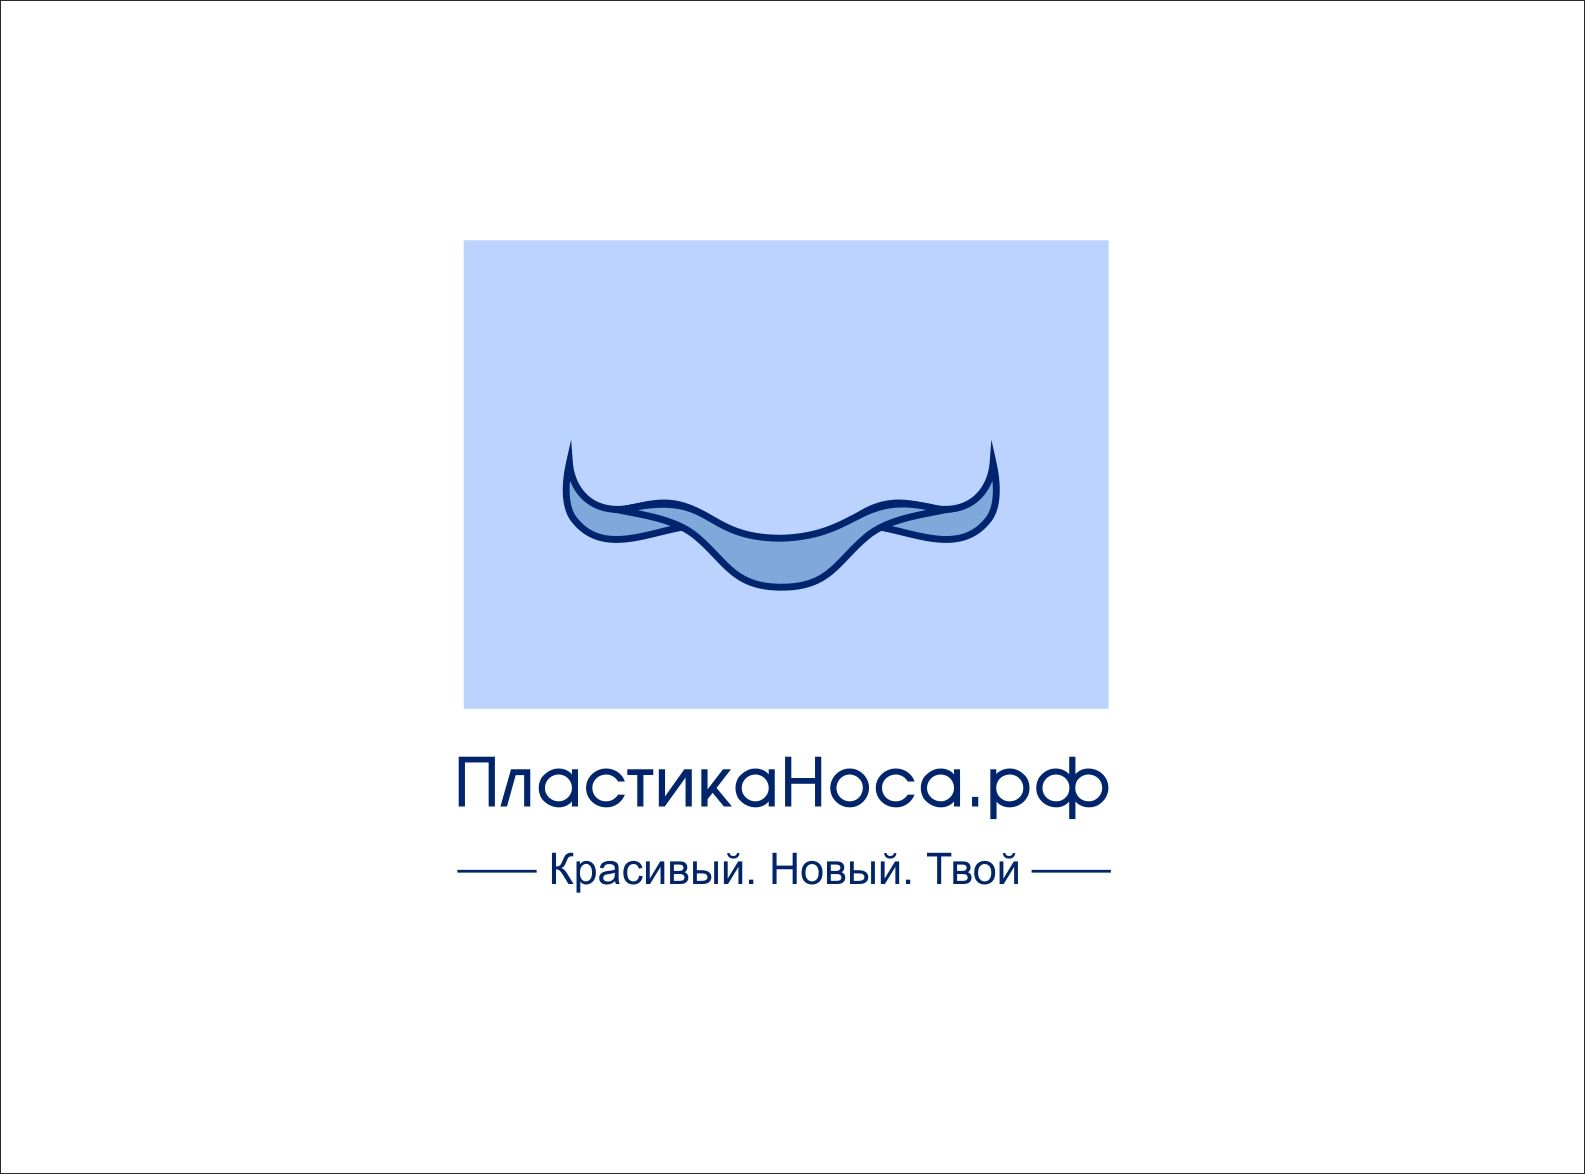 Логотип ПластикаНоса.рф - дизайнер art-valeri
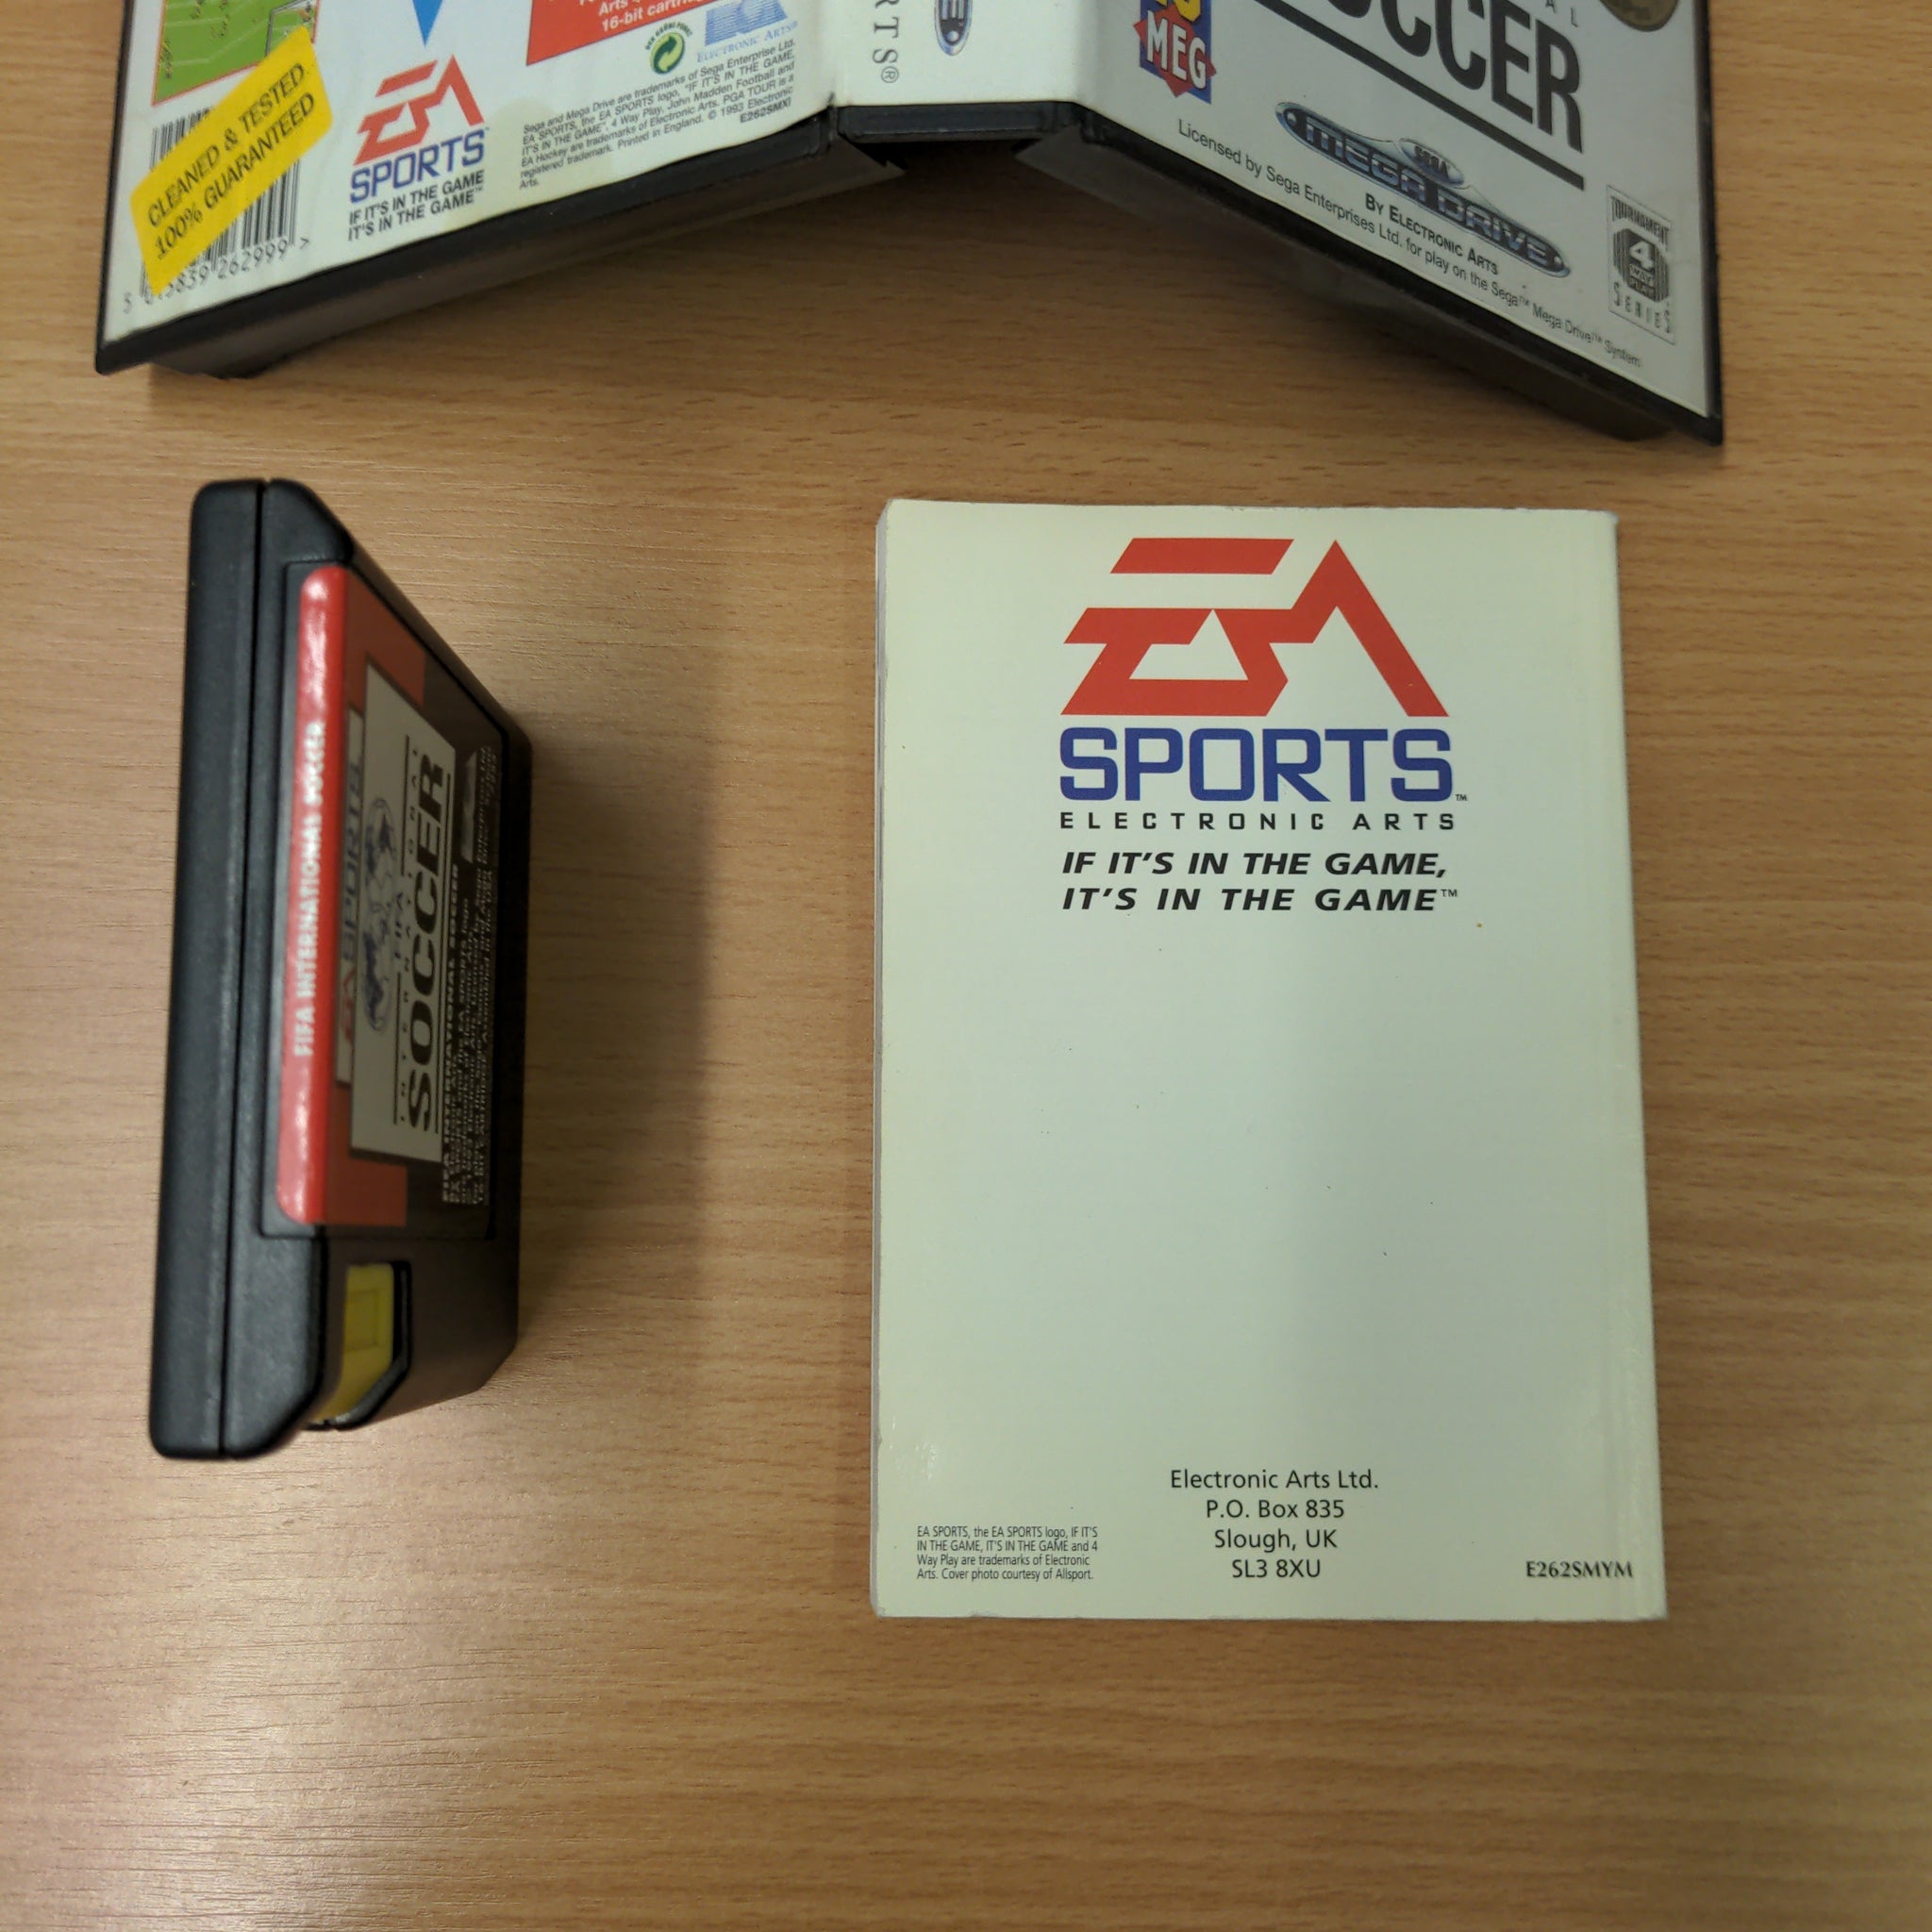 FIFA International Soccer Sega Mega Drive game complete
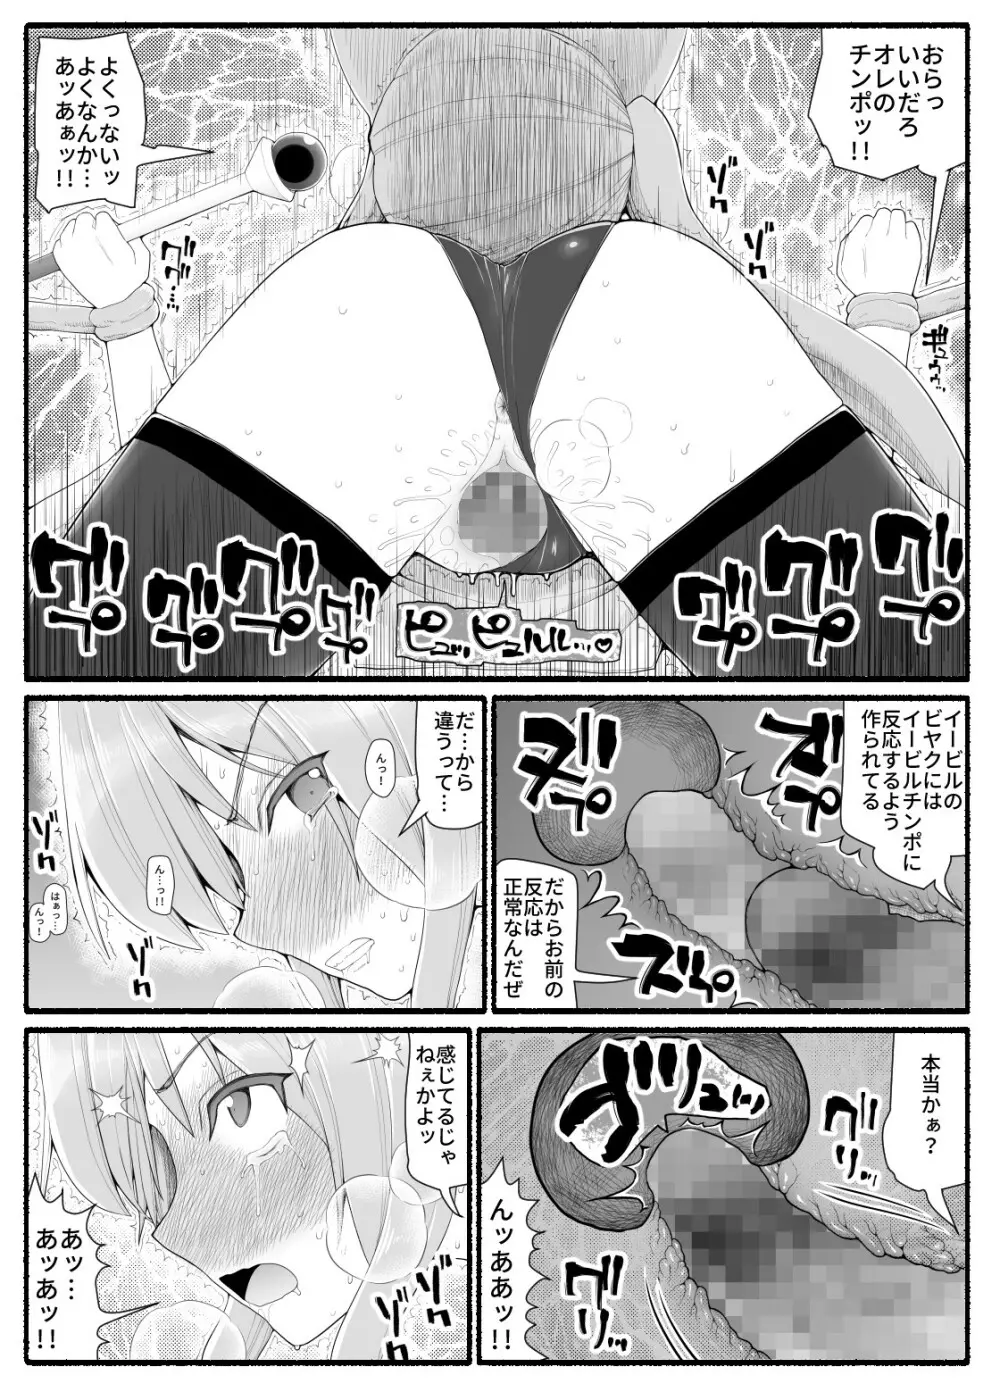 魔法少女vs淫魔生物 13 17ページ
+++++
■ Task goal: Return the listing above unaltered, omitting its pictures.

■ Response for this exercise:
 Логотип ПластикаНоса.рф - дизайнер art-valeri
 FIFA International Soccer Sega Mega Drive game complete
 魔法少女vs淫魔生物 13 17ページ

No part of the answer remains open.